Кладбищенская церковь, деревянная, невеликая, потемневшая от времени, располагалась у обширного погоста, которому, надо полагать, и была обязана своим названием. Начинавшаяся за нею слобода выглядела, с точки зрения непредвзятого наблюдателя, совершенно обычным местом, вовсе не обладавшим внешними признаками преступности и разгула. Самые обычные улочки, самые обычные дома, при дневном свете выглядевшие вполне благопристойно и добротно. Меченные разноцветной акварелью куры у калиток, лениво развалившаяся в пыли собака, баба с полными ведрами – хорошая примета, а? – лошадь с телегой у ворот, тишина жаркого вечера…

Лямпе неторопливо шагал, помахивая тросточкой. Миновал небольшой трактир, опять-таки выглядевший со стороны сущим образцом благолепия. Внутри, конечно, гулеванили, но без особого шума, пристойно наяривала гармошка, и несколько голосов выводили с неподдельным чувством:

Прощай, моя зазноба,

Минул лишь миг един –

И вновь я уезжаю

На остров Сахалин…


Вполне возможно, для певших эти строки были отнюдь не чистой абстракцией, а реальным жизненным опытом. Сразу за трактиром, у забора, стояли человек пять – судя по расслабленным позам, с утра снедаемые скукой. Итальянец Ломброзо не нашел бы в этих физиономиях черт врожденной преступности, но Лямпе, давно уже переставший смотреть на мир сквозь призму наивности, сразу определил по нарочито честным и равнодушным глазам, с кем имеет дело. Очень уж старательно смотрят сквозь

– Папиросочкой не разодолжите, господин прохожий? – с той же нарочитой почтительностью осведомился крайний.
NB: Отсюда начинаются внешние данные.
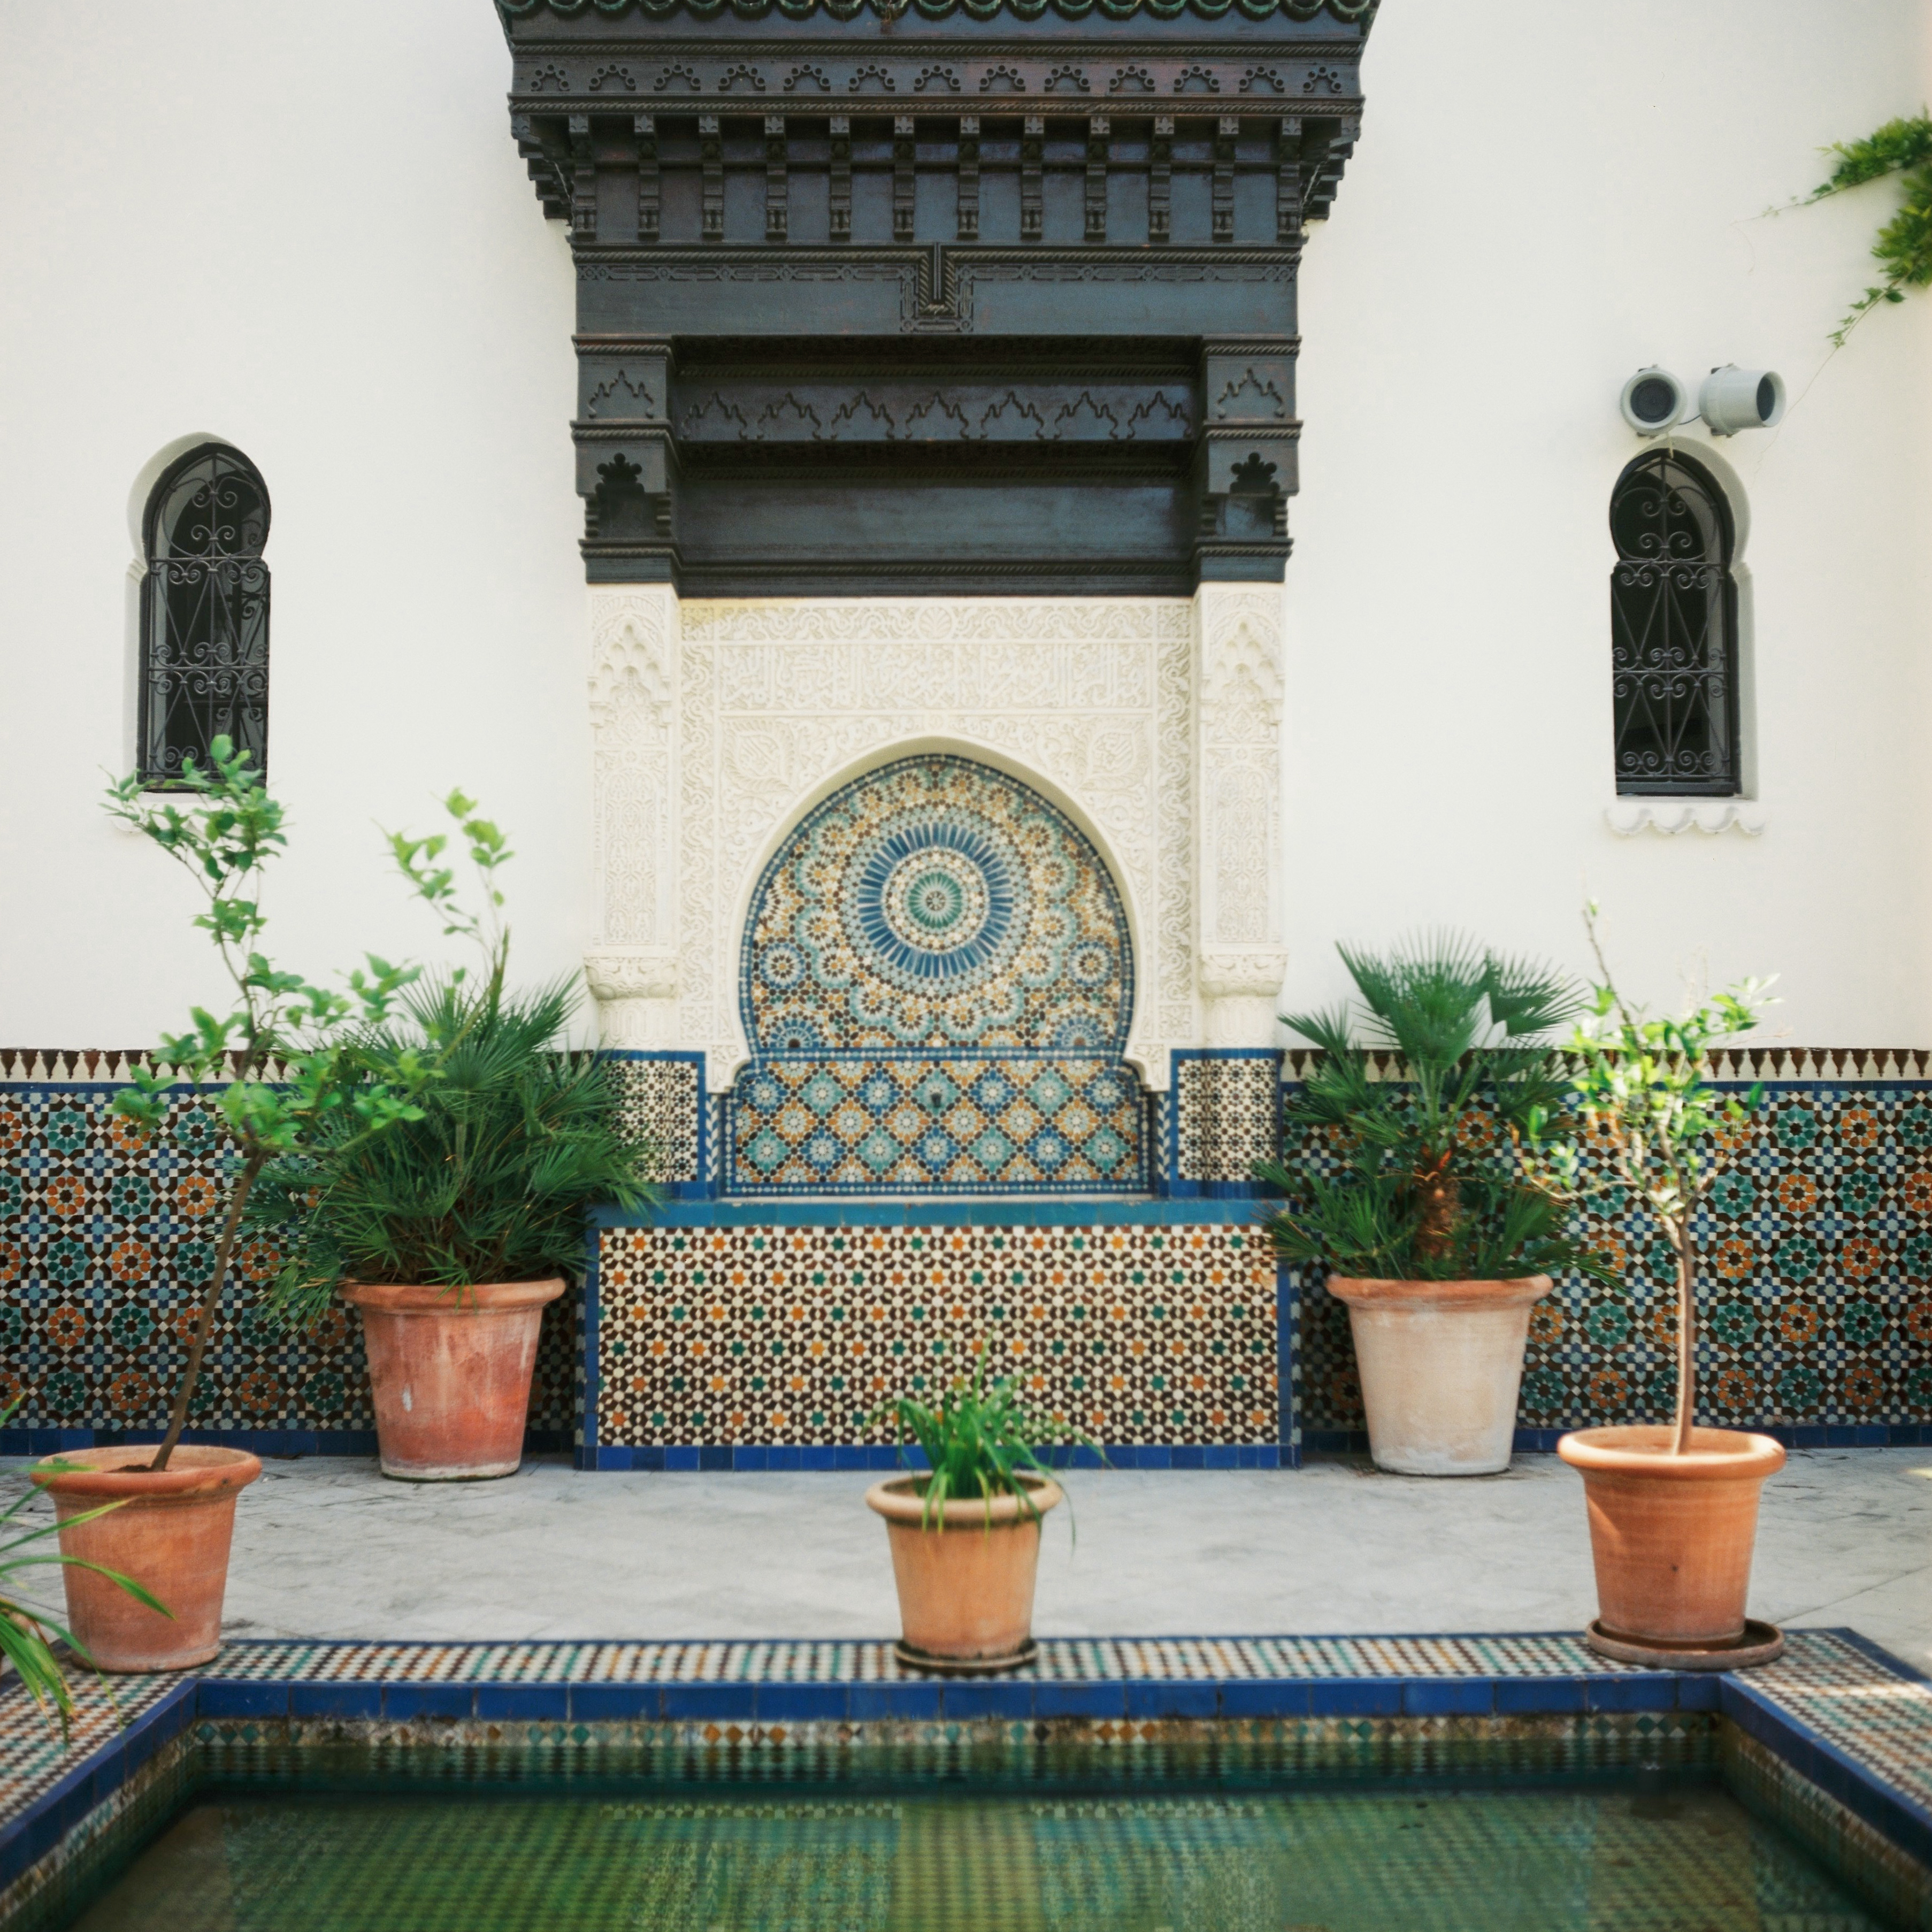 intricate blue and yellow tile mosaics next to a small pool at la grande mosquée de paris

Секунду подумав, Лямпе остановился возле него и раскрыл портсигар. Дождавшись, когда проворные тонкие пальцы – вряд ли принадлежавшие привыкшему к физическому труду индивидууму – вытянули сразу парочку, спросил:

– Не подскажете ли, господа хорошие, где мне найти Ваню Тутушкина?

Краем глаза видел, что ближайшие обменялись молниеносными взглядами. И в воздухе явственно ощутилось напряжение.

– Как-с сказать изволили? – состроил непонимающую рожу тот, что угощался папиросами. – Кубышкин?

– Тутушкин. Иван, – спокойно произнес Лямпе.

– Простите, господин, не имеем чести такого знать, сроду не слыхивали подобного имечка…

И тут же все пятеро стронулись с места, двинулись к трактиру, последний, не выдержав, украдкой оглянулся на Лямпе и тут же отвел глаза, заторопился следом за компанией. Врали, конечно, поганцы. Не могли не знать. Ну и черт с ними… Однако как тут пусто! Сонное царство, право…

Вот и дом во дворе, обнесенном забором с зеленой калиткой. Ни души – ни во дворе, ни в обширном огороде. Единственным представителем рода человеческого оказался босоногий мальчишка, игравший сам с собою в свайку посреди пыльной улочки. При виде Лямпе он воспрянул духом, живенько подбежал и без церемоний попросил:

– Господин, дайте пятачок!

– А зачем тебе пятачок, милое дитя? – без улыбки поинтересовался Лямпе.

Милое дитя, шмыгая носом, резонно пояснило:

– Нешто пятачки лишними бывают?

– Резонно, – согласился Лямпе, вынимая серебряную монетку, крохотную и невесомую, как рыбья чешуйка. – Ты где живешь?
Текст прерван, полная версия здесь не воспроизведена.